Have you decided what you are keeping yet?

My parents used to have an 8ft community tank, it was amazing!! Neons, Gouramis, Corys, Guppies - the lot 

I don't have much experience with tropicals although I have had a Betta (RIP Hermes) but I have had a successful marine reef tank, have you thought about setting it up as marine?


----------



## lionfish (Jul 15, 2009)

goldie1212 said:


> ah yes, forgot bristlenose tend to munch plants, my bad :blush:
> 
> ottos are better but dont get them until the tank is well established.
> 
> as for the gouramis, i have always had issues with keeping them in pairs. even the dwarfs, i had a male female pair in a 20g well planted tank, the male harrassed her so much she would be pinned to a corner of the tank and if she moved at all even to eat he would charge at her. ive tried this several times before, with different fish, pairs of females, pairs of males, and mixed pairs but had zero luck. as a single fish they have always thrived.


 Have you tried keeping an odd number 3 or 5 , i found this worked out better than pairs


----------



## goldie1212 (Mar 5, 2010)

lionfish said:


> Have you tried keeping an odd number 3 or 5 , i found this worked out better than pairs


to be honest no i didnt, my tank size wouldnt have allowed it at the time. worth trying though, im looking for pearl gourami for my 4ft tank at the moment so i may try 3 rather than 2,saying that pearls tend to be less grumpy anyway.


----------



## adamntitch (Jun 17, 2007)

could you not maybe get a few shrimp in there as well (best ask matty boy tho) lol what types and if it would work


----------



## pigglywiggly (Jul 19, 2008)

plecs need the wood to rasp on to help their digestion, they are very greedy fish and would produce a lot of lumpy waster and it would make a planted tank a right mess.

you`d be better with corys as your catfish cleanup crew.

if you got shrimps they`d tidy up the excess food and plant bits, but dont think you can use plant fertilizers if you have them in, the copper in them will kill the shrimps. 

get a nice big shoal of harlequins - the colours they develop in a planted tank when they are mature is just fantastic - they get really bronze and kinda pinky.

if you wanted small fish have you looked at endlers livebearers? they are a bit smaller than a guppy but very brightly coloured


----------



## Zober (Aug 24, 2010)

pigglywiggly said:


> plecs need the wood to rasp on to help their digestion, they are very greedy fish and would produce a lot of lumpy waster and it would make a planted tank a right mess.
> 
> you`d be better with corys as your catfish cleanup crew.
> 
> ...


we have a group of 3 corys, they are great in groups... we have a flying fox who looks after them all, the fox and our male golden gourami are the kings of the tank along with a shoal of neon, harlequins and platy... 2 young silver sharks recently added as the kings are getting old now.
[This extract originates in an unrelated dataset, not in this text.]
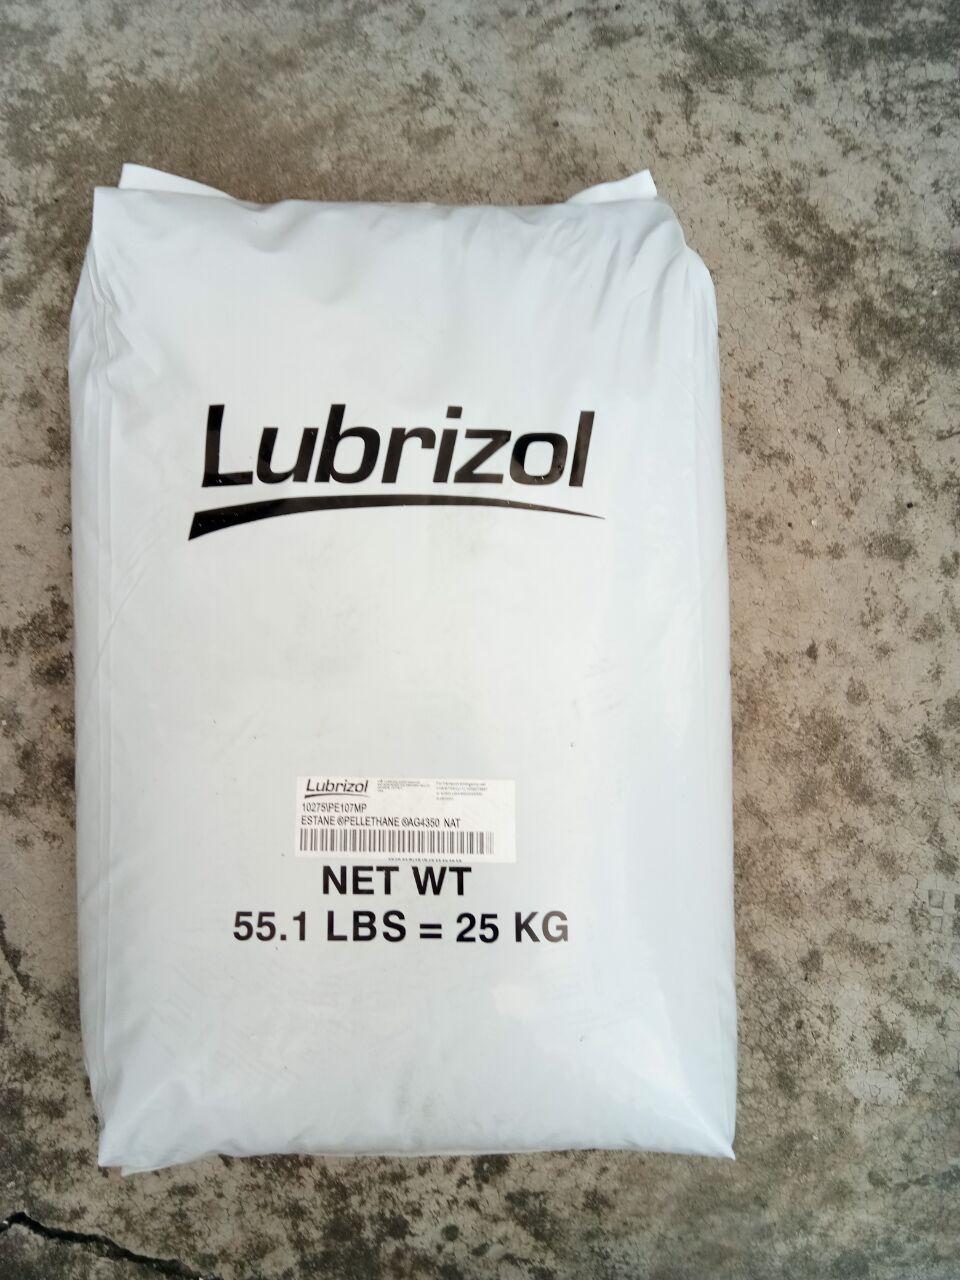 ESTANE® 58130 Lubrizol Advanced TPU-聚脂-东莞市崀峰塑胶原料有限公司

we use our other tank as a species tank... rummy noses and a few otto, after that we are going to go for a gang of tiger barbs


----------



## goldie1212 (Mar 5, 2010)

Zober said:


> we have a group of 3 corys, they are great in groups... we have a flying fox who looks after them all, the fox and our male golden gourami are the kings of the tank along with a shoal of neon, harlequins and platy... 2 young silver sharks recently added as the kings are getting old now.
> 
> we use our other tank as a species tank... rummy noses and a few otto, after that we are going to go for a gang of tiger barbs


hope your tank is huge, silver sharks reach over a foot long, and ideally should be in a bigger group than 2. just a heads up incase you didnt know : victory:


----------



## ashrussell4190 (May 24, 2010)

I started a tropical aquarium a good few months back. I have a selection of fish in my tank and from what I can say about gouramis it definately is luck of the draw with them, my 2 seem to get on really well have the odd tiff but nothing scary like cornering one another!!

I have:
3 Puncatus corys
7 Guppies
9 Cardinal tetra, 
2 Dwarf honey gouramis, 
1 Platy - who was sold to me as a swordtail... woops...
1 Orange swordtail 
1 Apple snail

Everyone is doing great! 

My words to you are this: I hope you come to a decision as there is soooo many many fish to choose from!! 

If not you could have another tank!! :lol2:

Good luck and all the best!


----------